Drug maker unblinds phase III study of advanced prostate Ca therapy

March 21, 2012

Janssen Research & Development, LLC, recently has unblinded the phase III study of the androgen biosynthesis inhibitor abiraterone acetate (ZYTIGA) plus prednisone for the treatment of asymptomatic or mildly symptomatic patients with metastatic castration-resistant prostate cancer (CRPC) who have not received chemotherapy.

Janssen Research & Development, LLC, recently has unblinded the phase III study of the androgen biosynthesis inhibitor abiraterone acetate (ZYTIGA) plus prednisone for the treatment of asymptomatic or mildly symptomatic patients with metastatic castration-resistant prostate cancer (CRPC) who have not received chemotherapy.

Study COU-AA-302 is an international, randomized, double-blind, placebo-controlled trial that included 1,088 patients who were randomized to receive abiraterone, 1,000 mg administered once daily, plus prednisone, 5 mg twice daily, or placebo plus prednisone, 5 mg twice daily. The co-primary endpoints of the study are radiographic progression-free survival and overall survival.

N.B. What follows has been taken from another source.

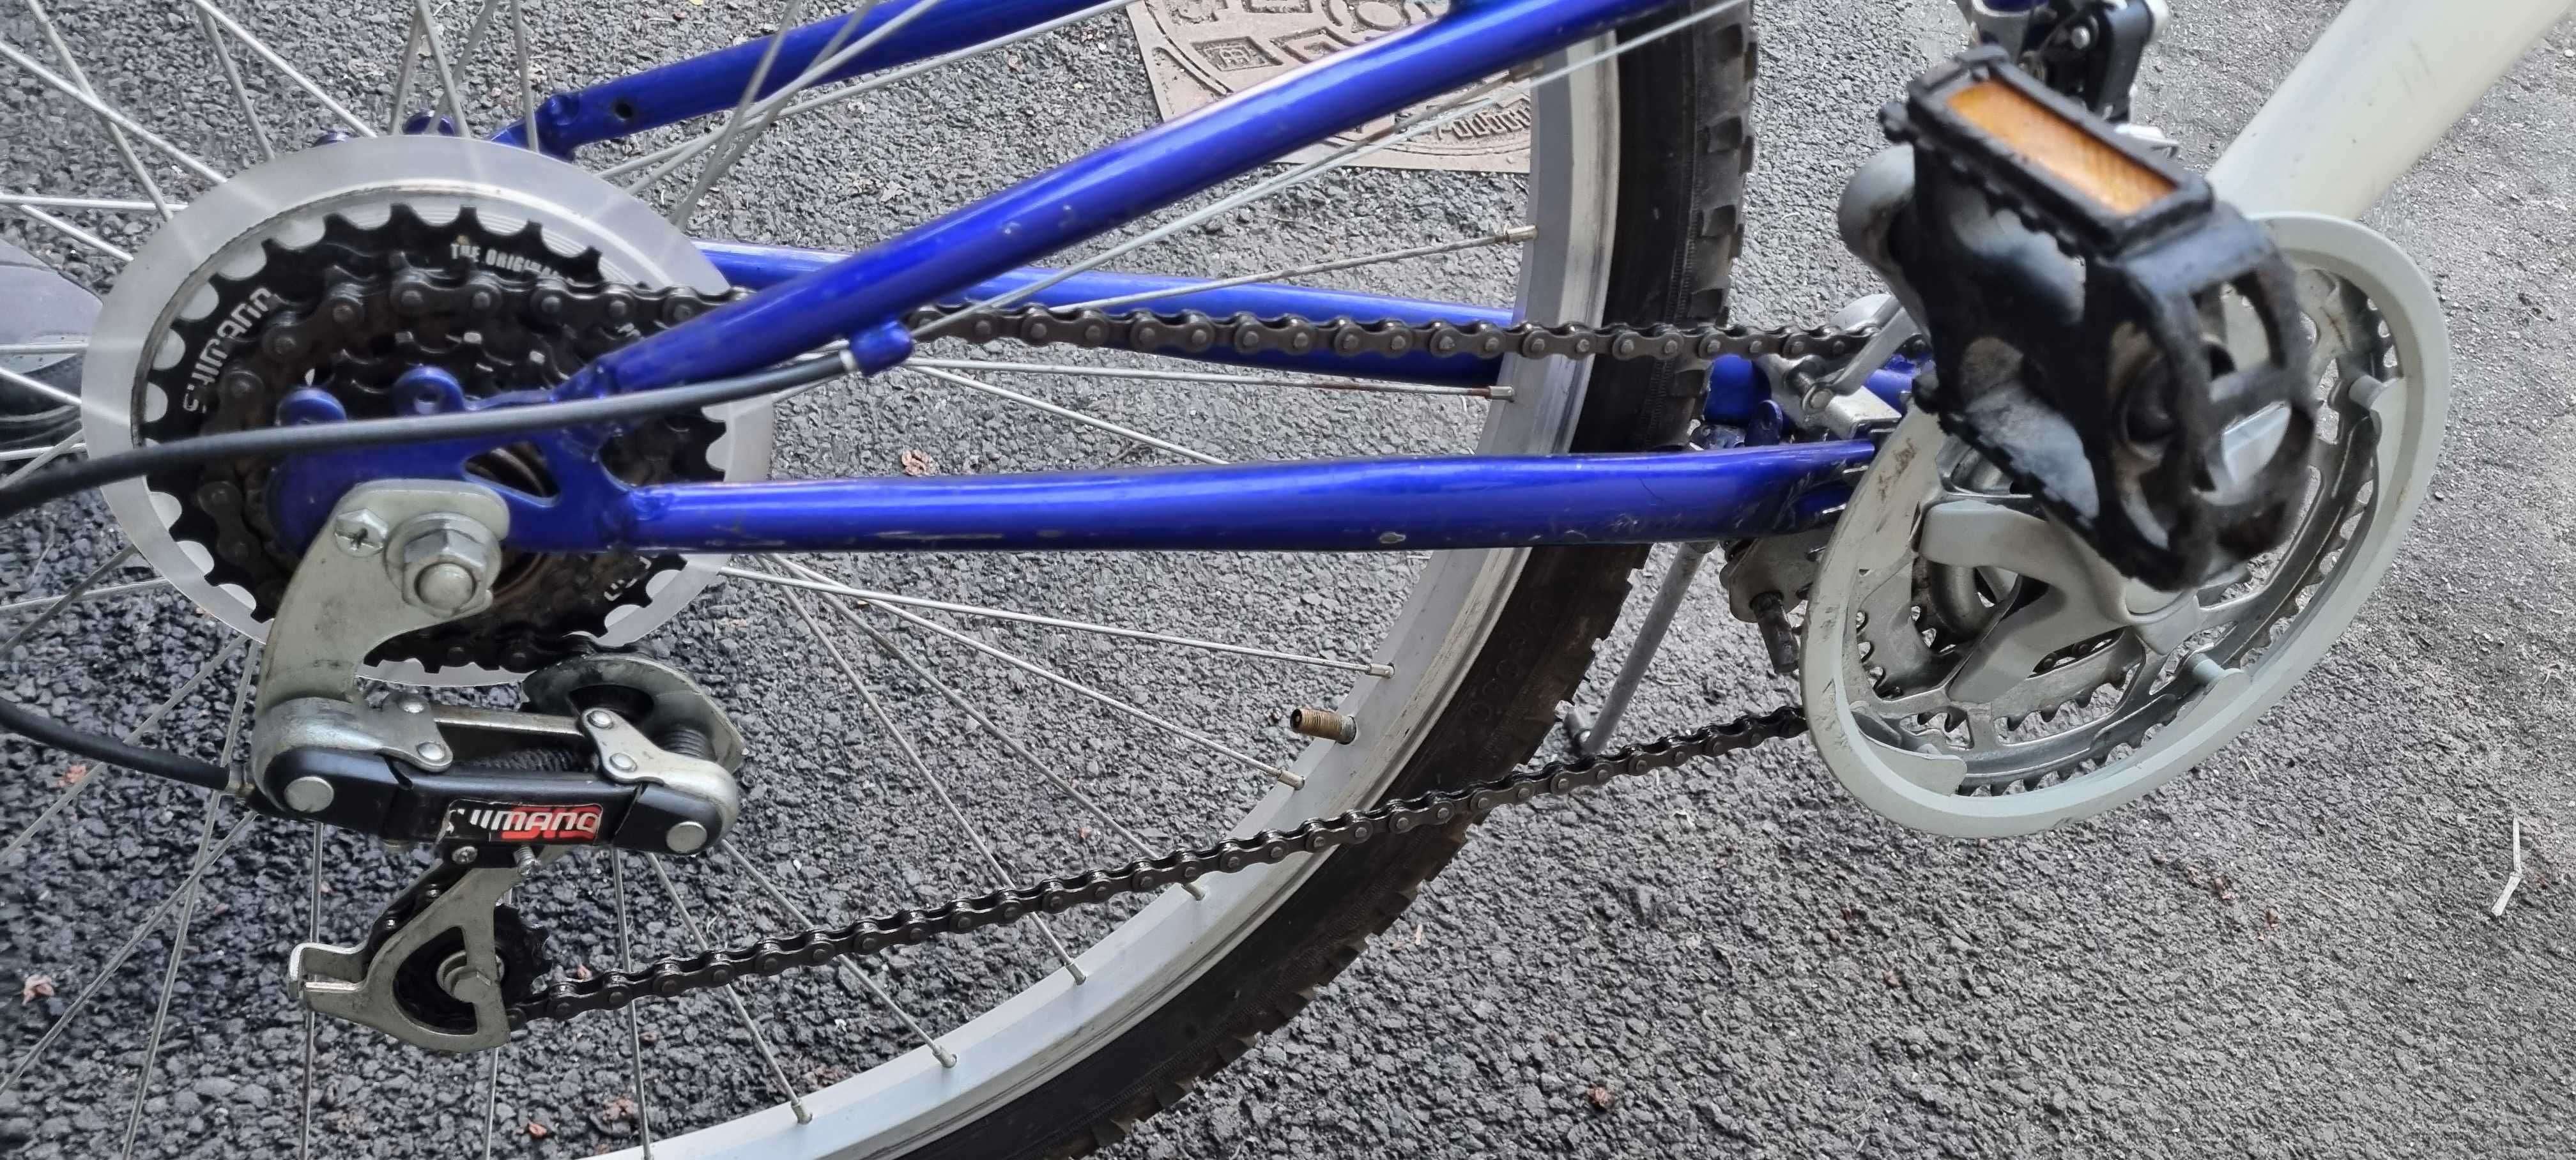 Bicicleta 26 inch full suspension aproape noua Shimano

The Independent Data Monitoring Committee unanimously recommended unblinding the study based on a planned interim analysis in which differences in radiographic progression-free survival, overall survival, and secondary endpoints were observed that constitute evidence of clinical benefit as well as continued evidence of favorable safety in patients receiving abiraterone plus prednisone as compared with those receiving placebo plus prednisone. Based on these results, the committee also recommended that patients in the placebo arm be offered treatment with abiraterone.

"The COU-AA-302 study has been a key priority for us as we expand our understanding of the utility of abiraterone acetate in metastatic prostate cancer," said William N. Hait, MD, PhD, of Janssen Research & Development. "We’re delighted that these data will soon be added to the growing body of literature about this important medication."

ZYTIGA is currently indicated in combination with prednisone for the treatment of CRPC in patients who have received prior chemotherapy containing docetaxel (Taxotere). It has not been approved for use in men with metastatic CRPC who have not yet received chemotherapy. Janssen plans to submit for regulatory approval in the United States and around the world beginning in the second half of 2012.

Results from COU-AA-302 will be presented at an upcoming medical meeting and also submitted for publication in a peer-reviewed journal.